While the serious incident framework may provide for an independent team to conduct an investigation, the commissioning and management of the independent process is not institutionally or practically independent as it continues to sit within the NHS management structures. There is also no oversight outside of the NHS on whether investigations should take place and no oversight or external assessment of the quality of those investigations. Moreover, the investigations that do take place under the serious incident framework are of varying quality. They are often deficient in terms of their scope, timeliness, quality, independence and family involvement. There are also concerns about the lack of publication of investigation reports and the methods of identifying learning beyond that of the individual trust or provider. That is a key point because we want to make sure that if there is relevant learning, it will almost certainly apply not just to the individual institution, but much more broadly than that. The internal nature of the investigations means that there is no visibility or oversight around the implementation of the recommendations or identification of common themes and issues which may be of relevance nationally.

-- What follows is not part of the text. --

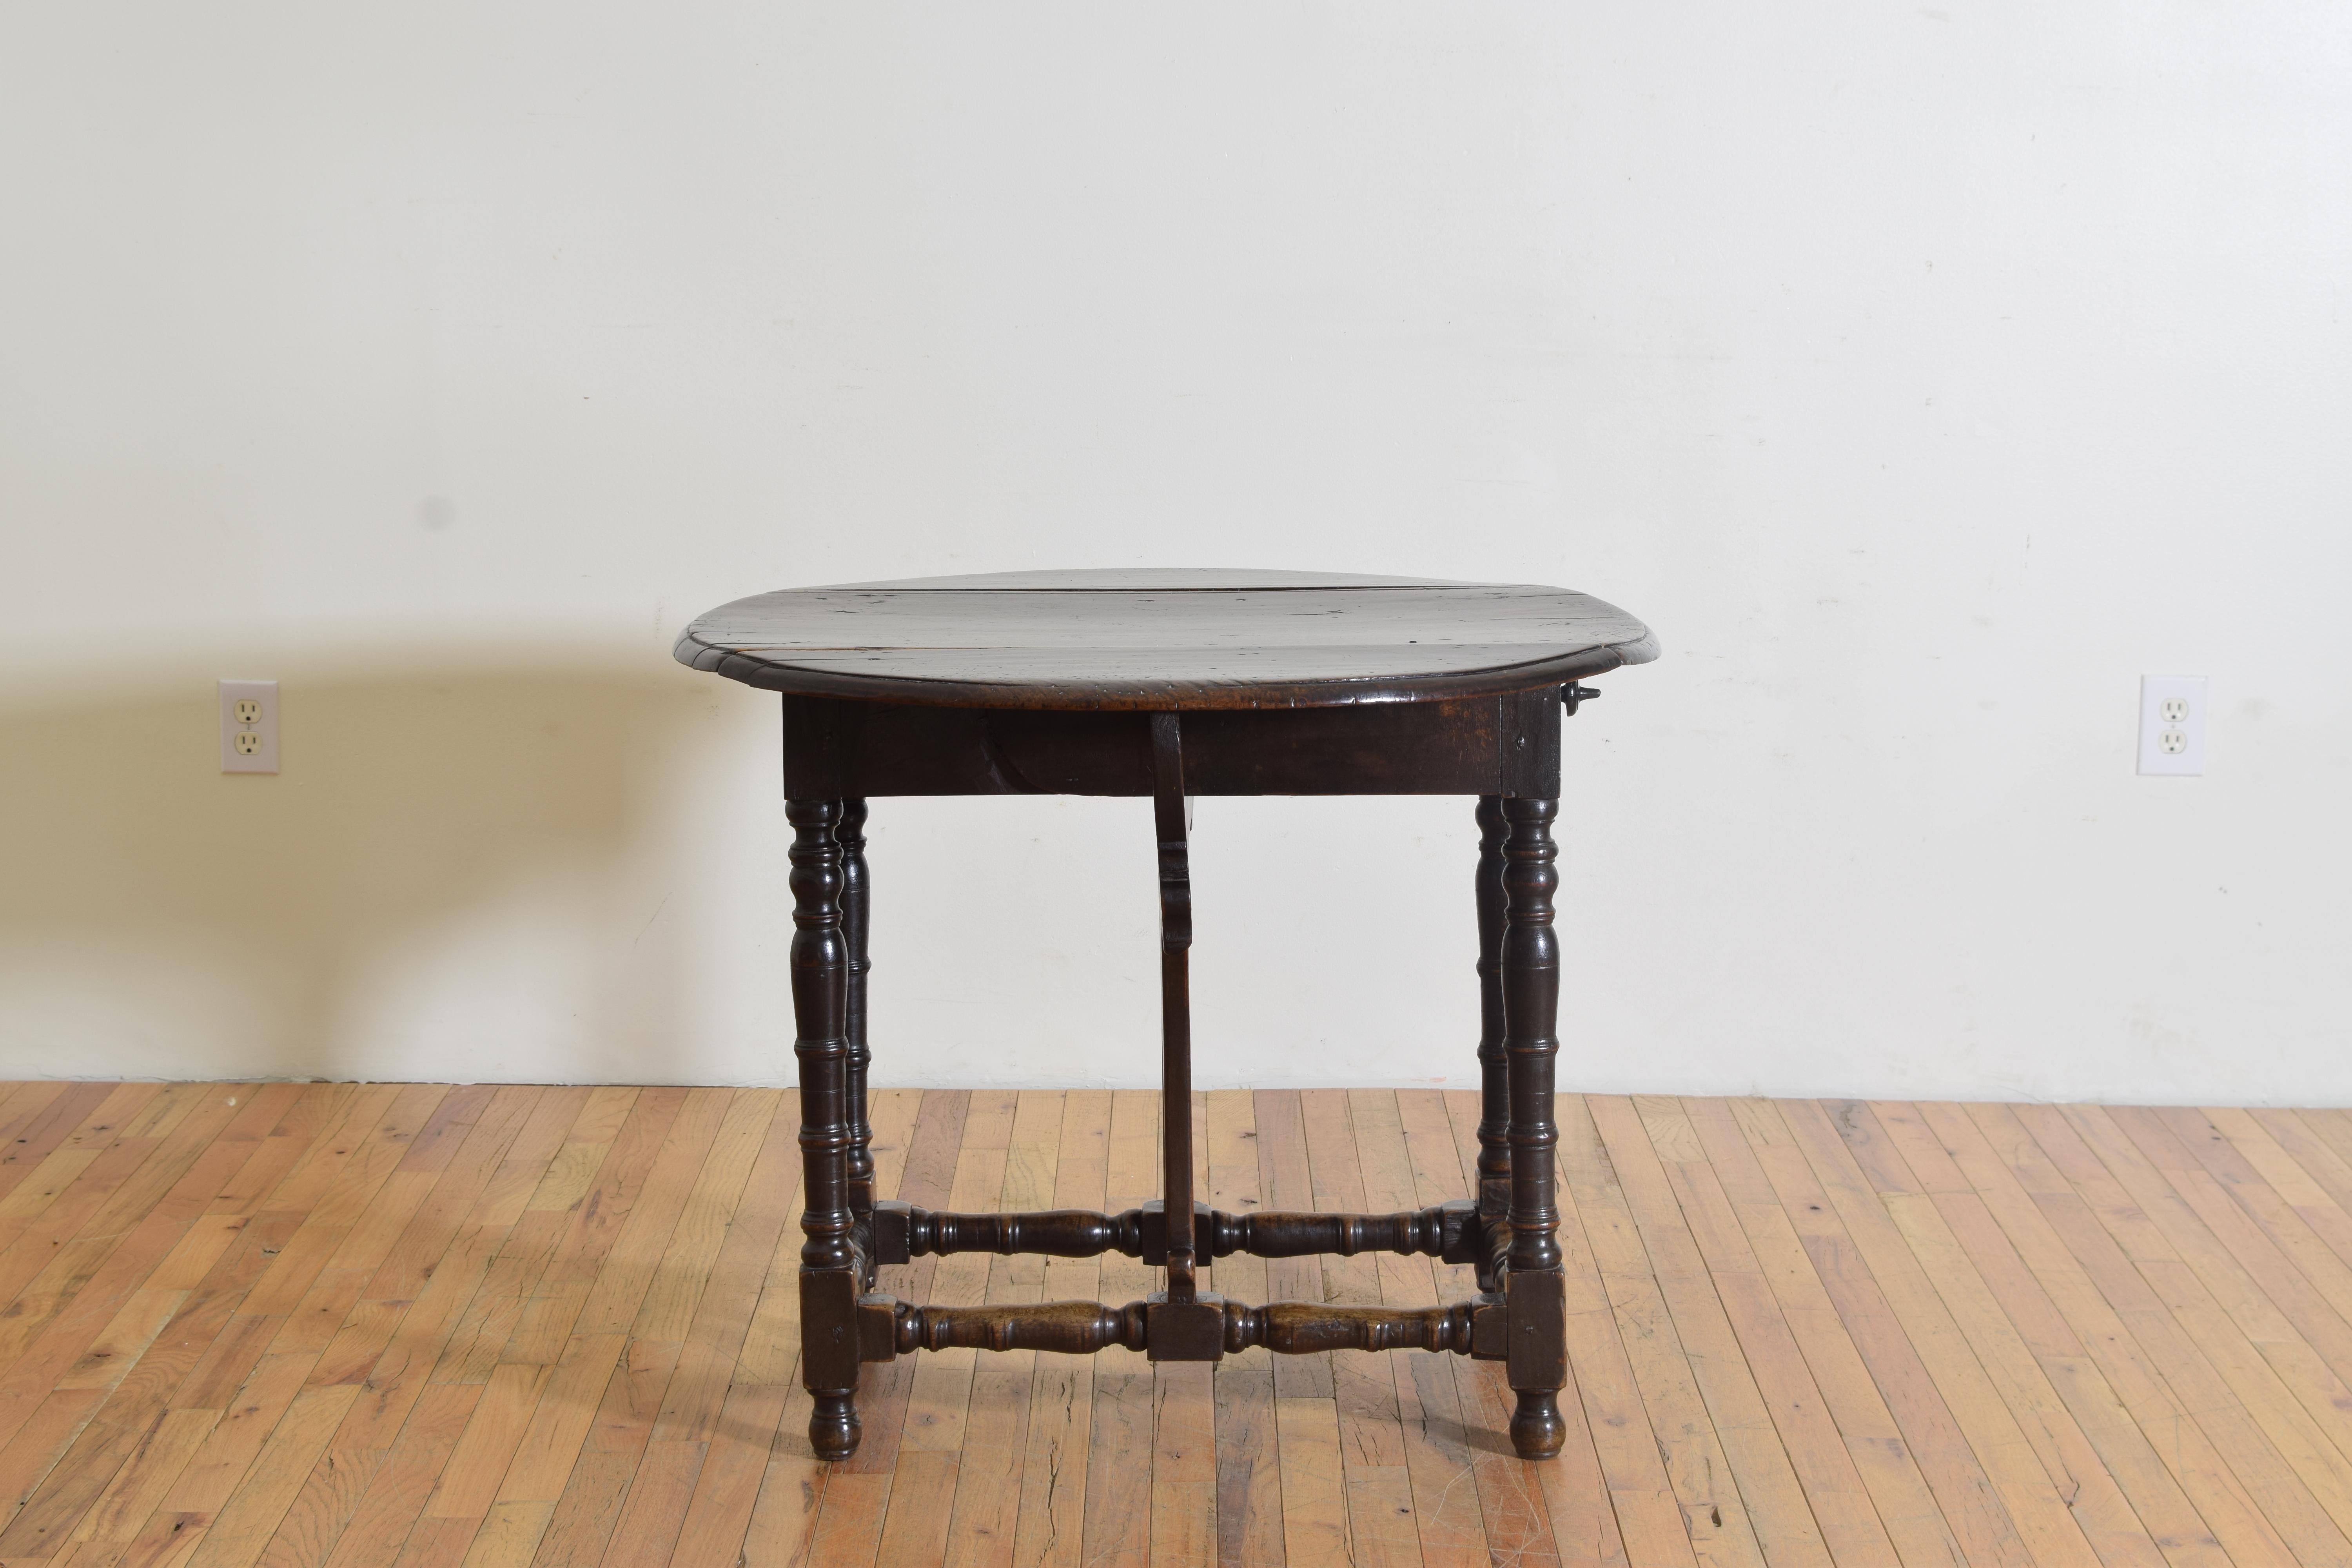 Italian Louis XIV Period Walnut Drop Leaf 1-Drawer Table, early 18th century For Sale 1

I have heard it argued that such an investigation is not necessary because that is the job of the coroner’s court, but my experience of looking at coroners’ investigations is that they are always enhanced and facilitated by the receipt of an independent report setting out the key issues. That provides a scope for the coroner’s inquiry and investigations. This is something that has to be revisited in those terms. I would ask the Minister to take this aspect away and look at it again, although not in the context of this Bill. Is the Minister confident that he is really fulfilling his personal Article 2 obligations in the absence of a more robust and independent system? Can he say, hand on heart, that he believes that the systems which are currently in place will identify wider lessons and enable them to be disseminated throughout the mental health sector?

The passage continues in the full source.